74,355 people are playing Baldur’s Gate 3 right now. Not at launch. Not during a holiday sale. On a random Sunday in March 2026, nearly three years after release.
The game sits at #10 on Steam’s Top Sellers list. Full price: $59.99. No discount, no bundle, no free weekend. Just a Dungeons & Dragons RPG doing numbers that would make most new releases jealous.
The stats are absurd. Nearly half a million reviews — 491,544 at last count — sitting at 97% positive. Metacritic score: 96. Publishing director Michael Douse noted recently that average concurrent players actually grew from 66,434 in January 2025 to 67,683 in January 2026. That’s not retention. That’s recruitment. For a single-player RPG with no live-service hook, no battle pass, no seasonal content treadmill.

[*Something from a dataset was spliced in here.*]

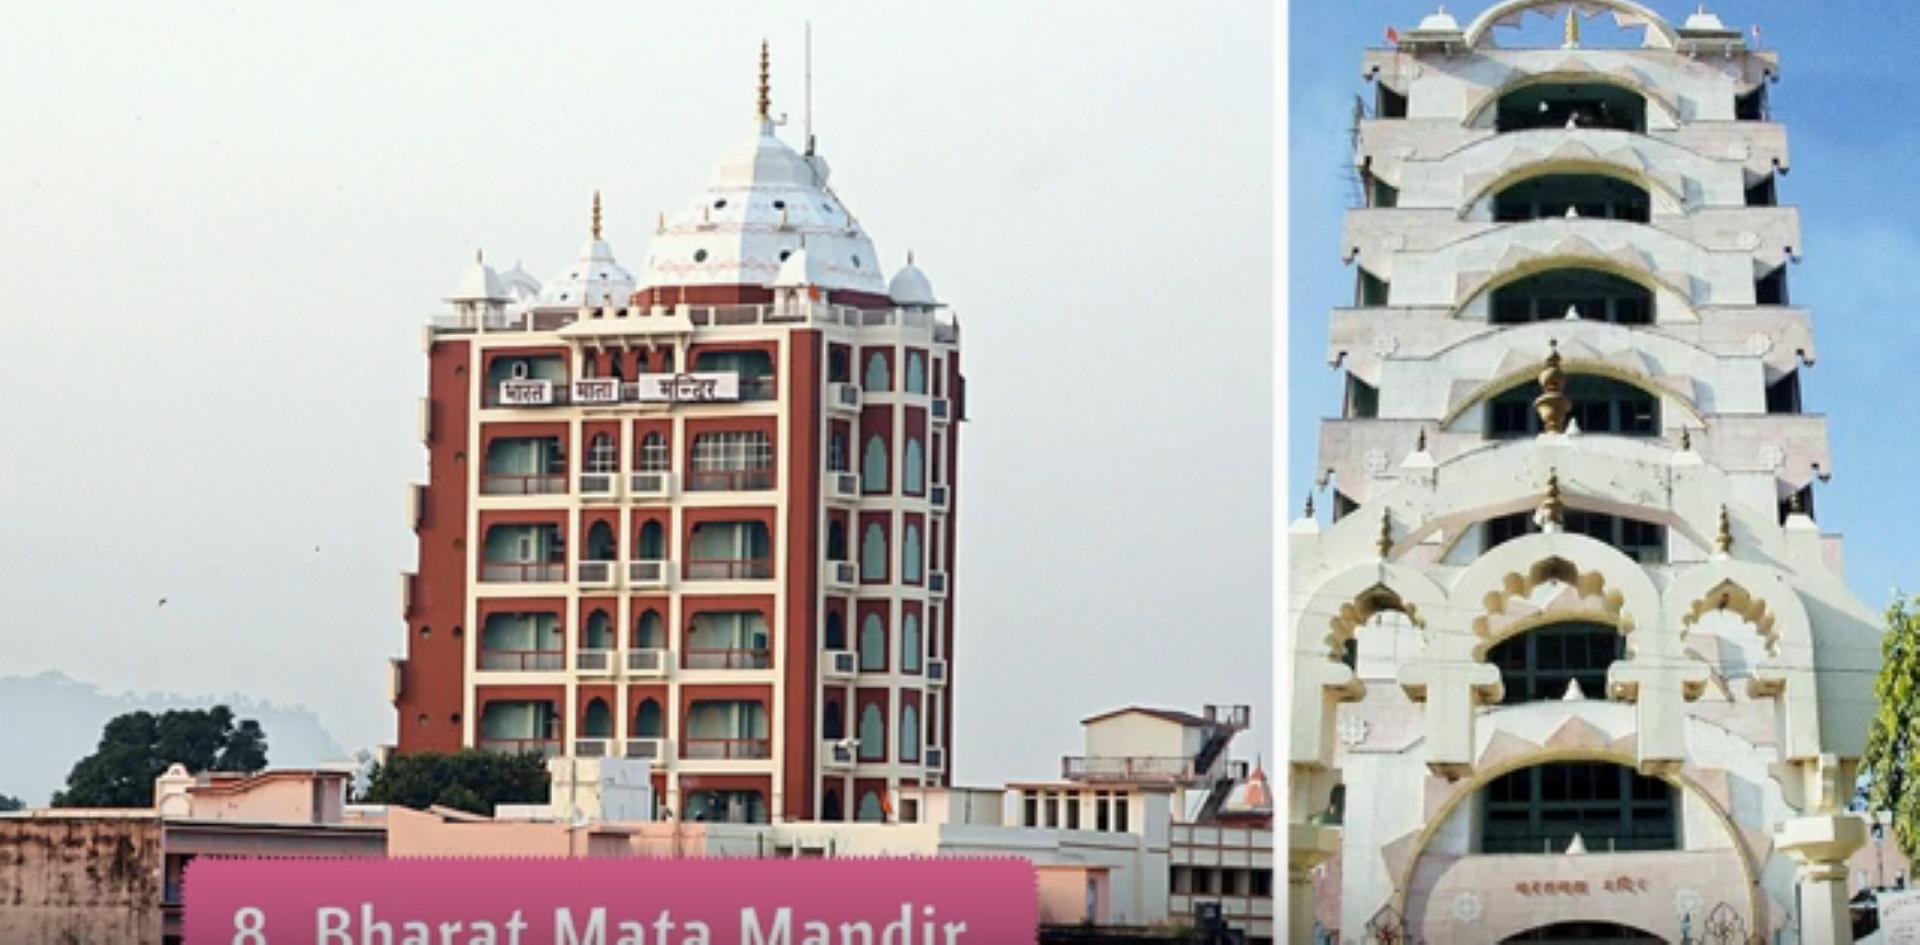 Bharat Mata Mandir tour by tempo traveller
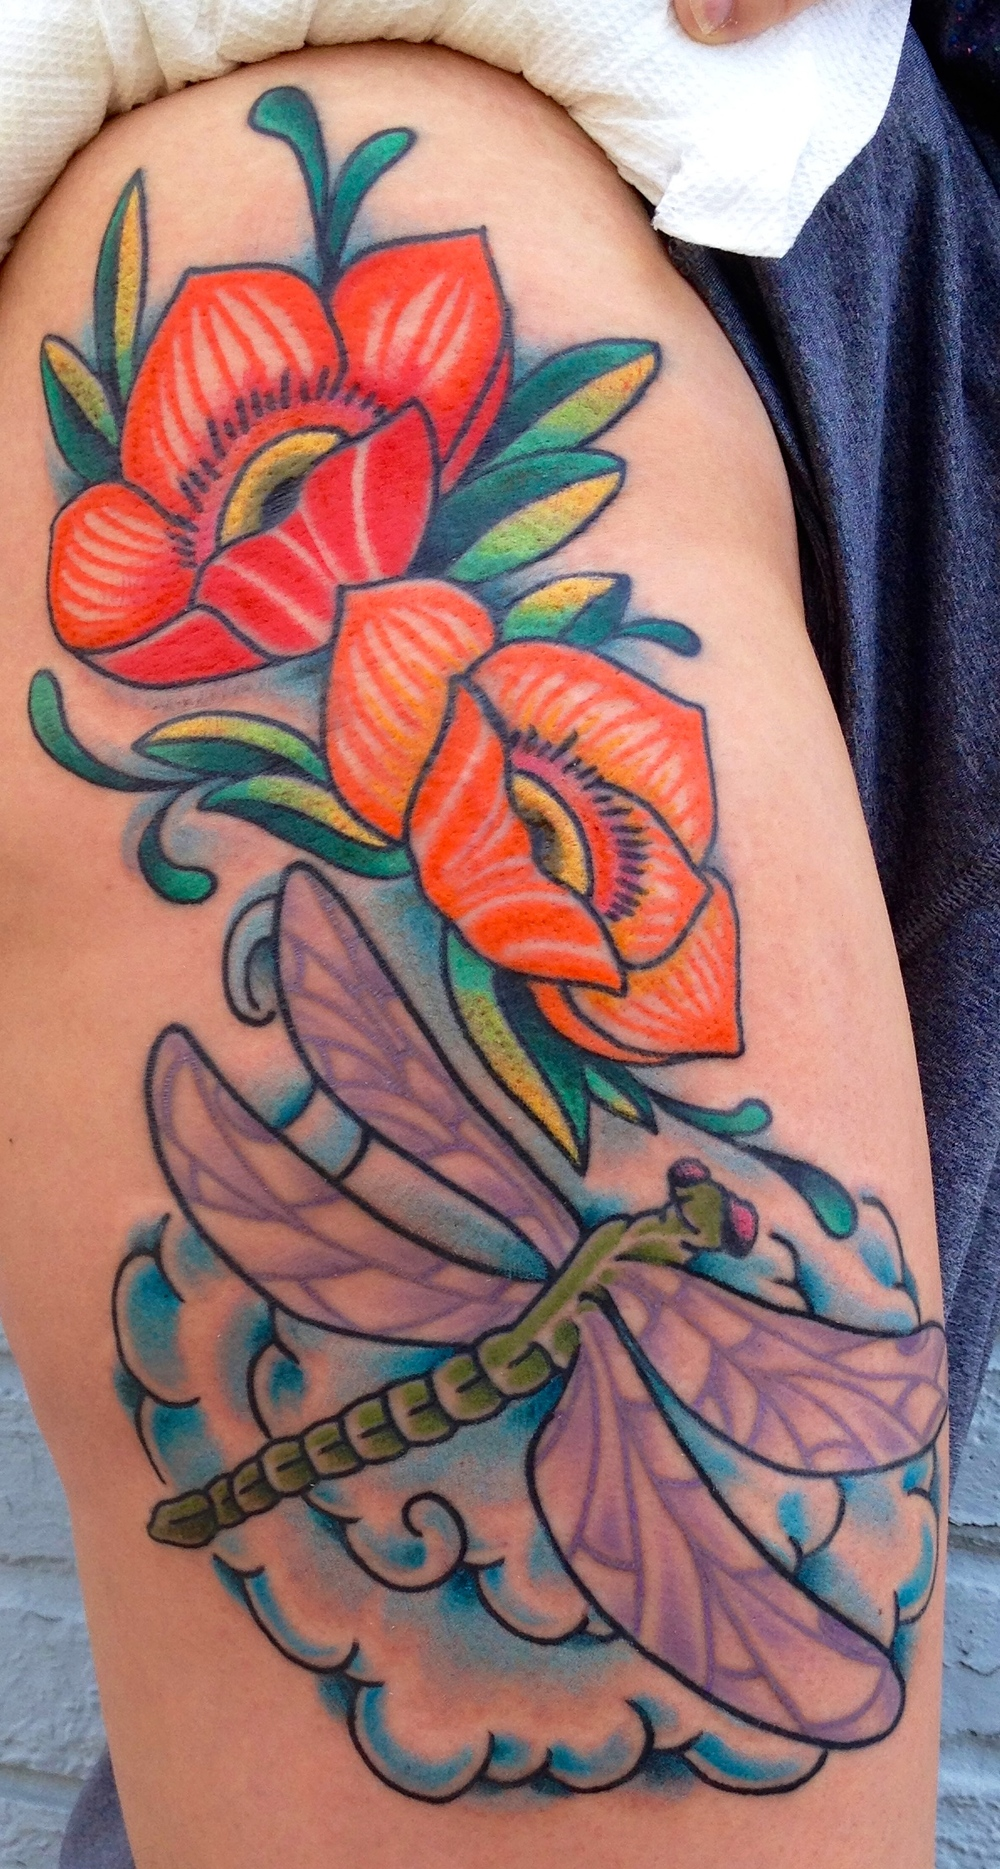 Jae portfolio electric lotus tattoo beautiful flower tattoos bright color tattooingnbspelectric lotus tattoo fort greene brooklyn izmirmasajfo Gallery

Larian Studios has officially moved on to Divinity, announced late last year. Yet Hotfix #36 dropped across all platforms this week, squashing crash bugs and framerate issues. The studio hasn’t shelved anything — it’s still patching, still watching.
And here’s the thing about the complaints — even the negative reviews (15,579 of them against 475,965 positive) tend to come from players with hundreds of hours logged. When your harshest critics have already sunk a small fortune of time into your game, you built something right.
BG3’s longevity isn’t an accident. It’s what happens when a studio ships a complete game at a fair price and trusts players to show up. Turns out they do. For years. And counting.